36.9% of the question pairs are duplicated. Although there is a slight imbalance in the dataset, this difference probably accurately reflects the reality, that duplicated questios are less frequent than original ones. For now this looks good enough and I will keep the data as is.

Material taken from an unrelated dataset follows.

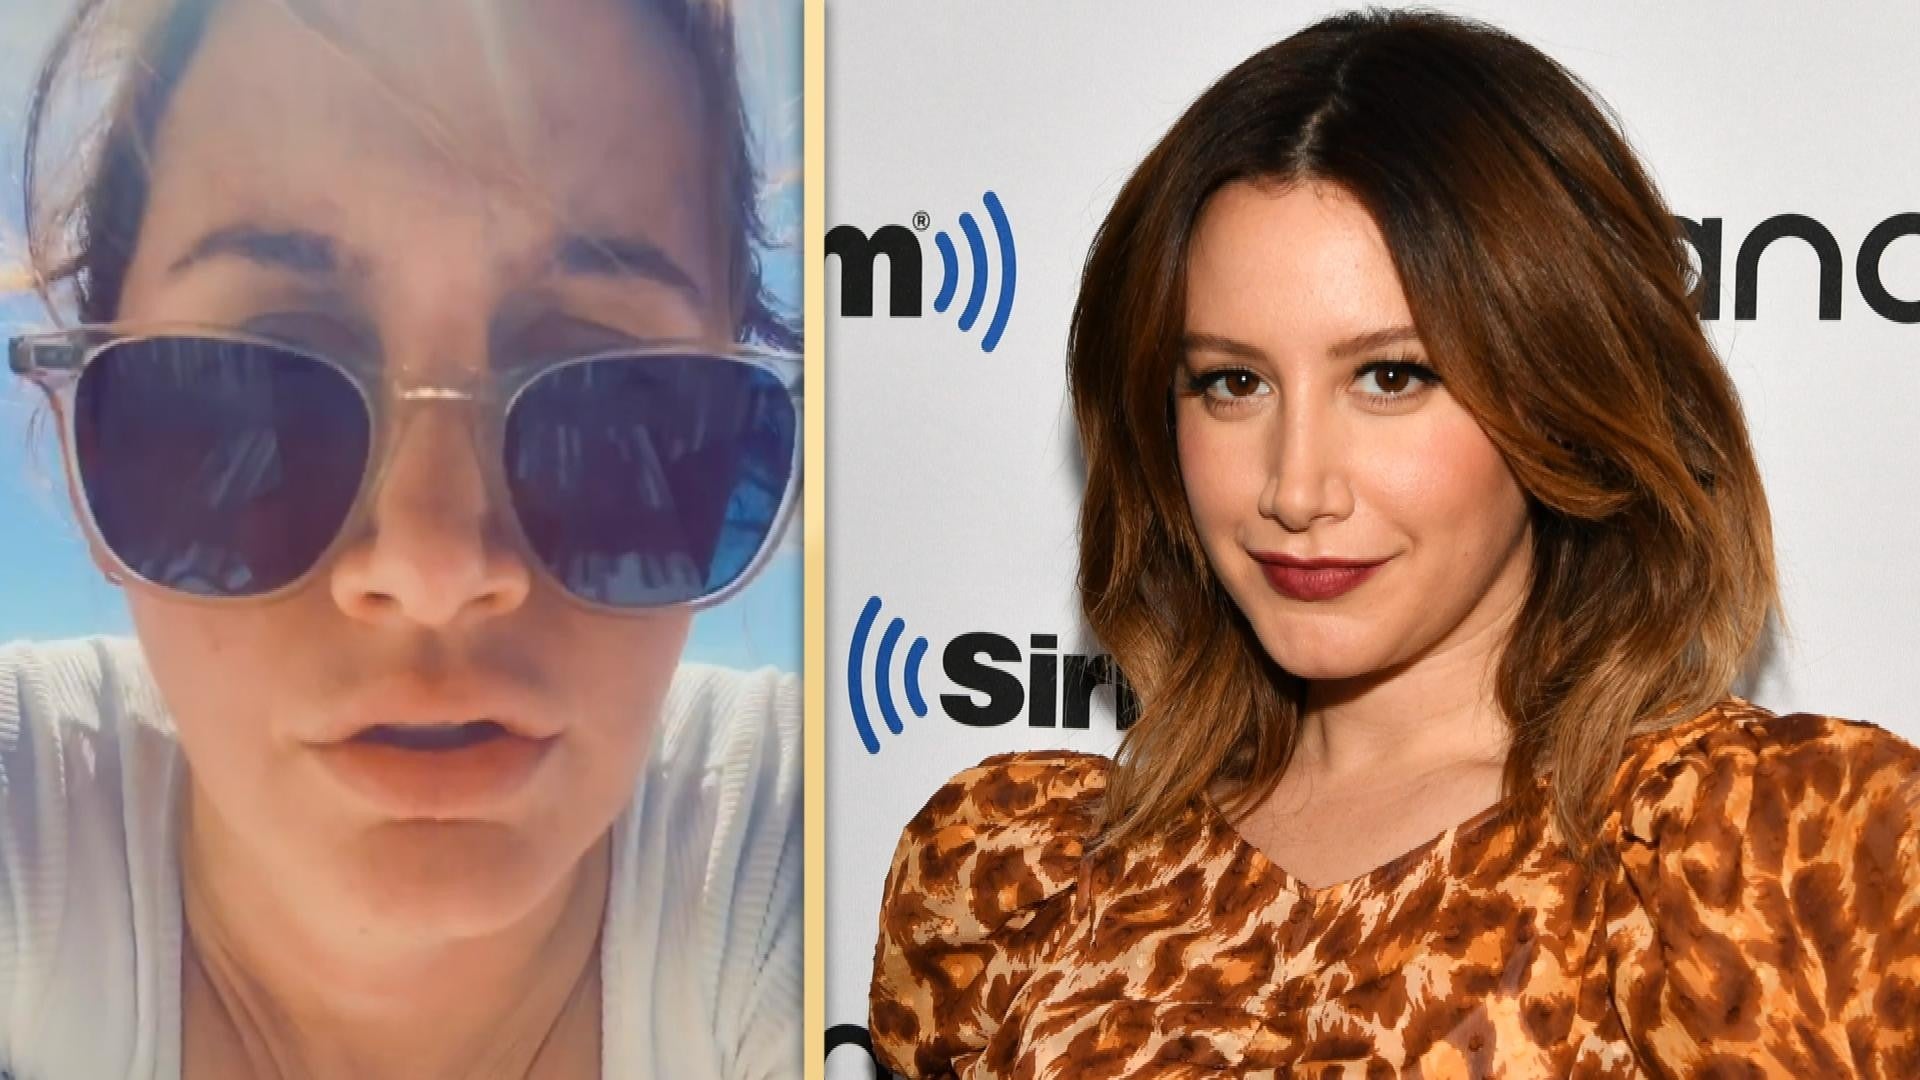 Ashley Tisdale and hubby take anniversary holiday

What is the null error rate? If only 36.9% of questions are duplicated, this means that we could obtain 63% accuracy by always predicting "no duplicate".

WordNet only contains "open-class words": nouns, verbs, adjectives, and adverbs. Thus, excluded words include determiners, prepositions, pronouns, conjunctions, and particles.